The group of Dr. Beyer is highly interested in unraveling the molecular events in innate and adaptive immune cells resulting in their activation and functional reprogramming contributing to the development of neurodegenerative disorders.
One main research focus is the characterization of regulatory T cells, T cell differentiation and T cell exhaustion. Seminal work of the group could show the importance of the chromatin remodeler special AT-rich binding protein 1 (Satb1) for the function of Treg cells and peripheral T cells and its influence on the development of autoimmunity. Furthermore, the group could show that chronic exposure to the proinflammatory cytokine TNF can be causative for T cells dysfunction in chronic viral infections. Following up on these observations, the group is currently assessing the importance of T cells for CNS pathology.
An additional research focus is the understanding of myeloid cell activation and differentiation. Here the group contributed over the last years to our understanding of myeloid cell polarization and dendritic cell development. Together with colleagues in New York and Vienna the group could recently describe how early embryonic macrophages settle tissues and receive tissue derived signals to differentiate into microglia and tissue-associated macrophages. Current interests concentrate on the transcriptional and epigenetic characterization of microglia in neurodegenerative diseases.
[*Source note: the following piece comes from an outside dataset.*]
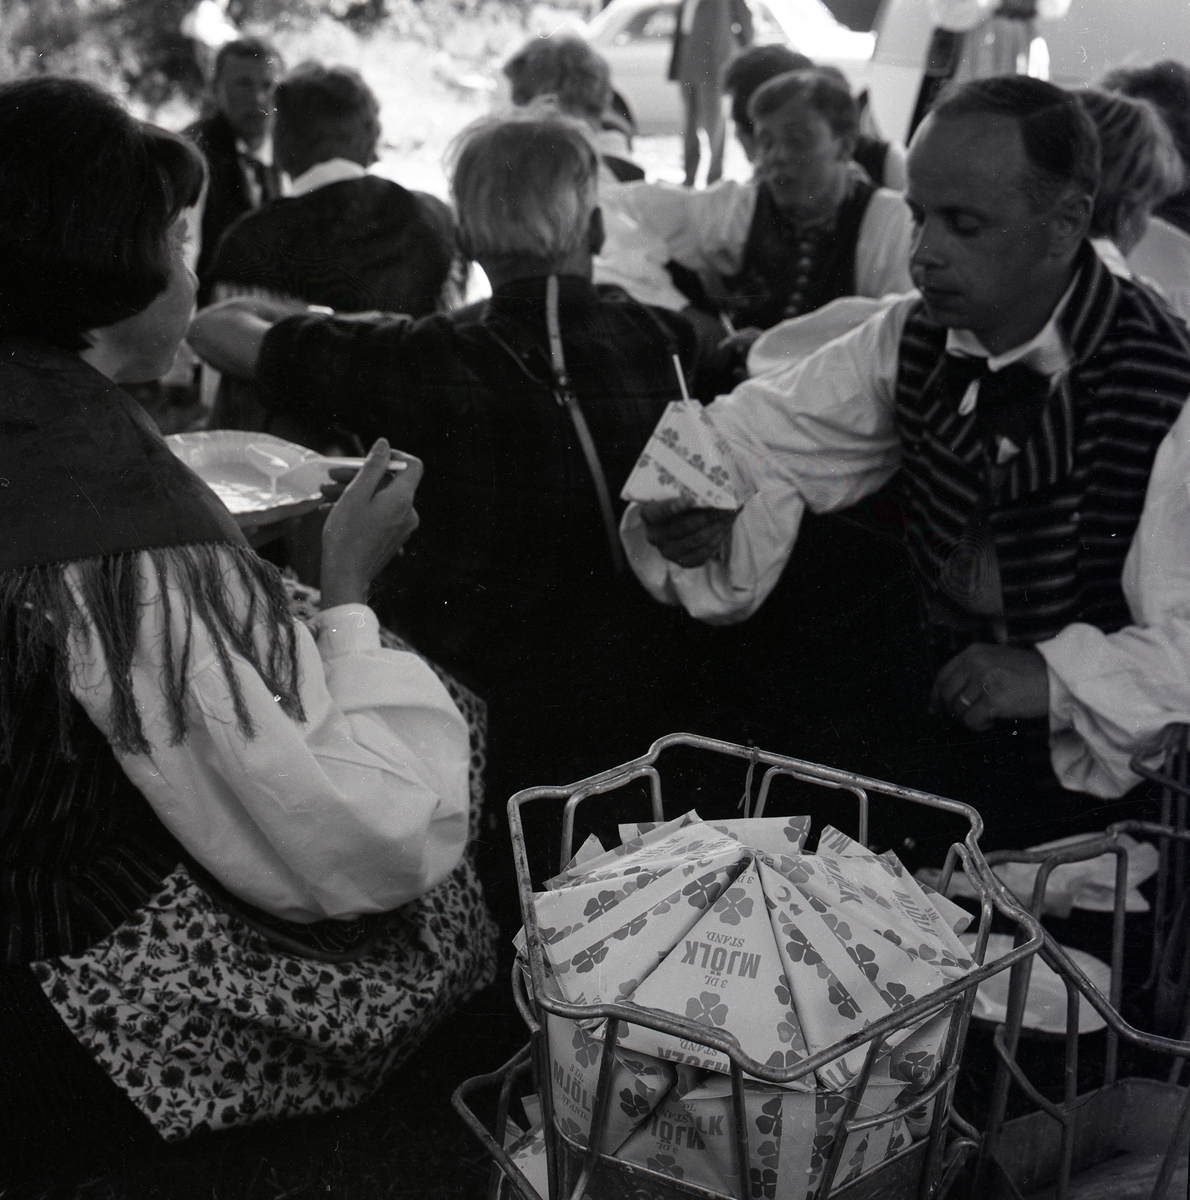 Under en paus i hälsingehambon sitter dansparen i skuggan och äter och dricker, Hårga - Järvsö 1967. Där står hållare av metall med trekantiga mjölktetror.

A longstanding interest of the group has been to characterize the role of important transcription factors and chromatin remodelers for the development and differentiation of T cells. Here, the group has recently identified a novel transcription factor specifically expressed in Treg cells and characterized a novel suppressor mechanisms particularly important in adipose tissue. Loss of the major prostaglandin E2 metabolizing enzyme in Treg cells results in the development of insulin resistance through accumulation of non-functional Treg cells.
High-throughput single-cell approaches, both on protein (multi-parameter flow cytometry, >30) and transcriptomic level (single-cell RNA-seq), are key technologies the group is using to characterize cellular heterogeneity and identify important cell subpopulations and developmental pathways contributing to immune responses. We now want to establish the combination of sigle-cell Omics with multi-parameter flow cytometry as a model for 1) the discovery and validation of cellular heterogeneity during neurodegeneration and 2) the identification of key molecular drivers of the pathological process.
In addition, the group is highly active in the application of genetic engineering using TALEN and CRISPR/Cas9 technology to perform gain- and loss-of-function experiments, specifically perturbing transcription, and identifying genomic regulatory elements contributing to repression or enhancement of gene expression.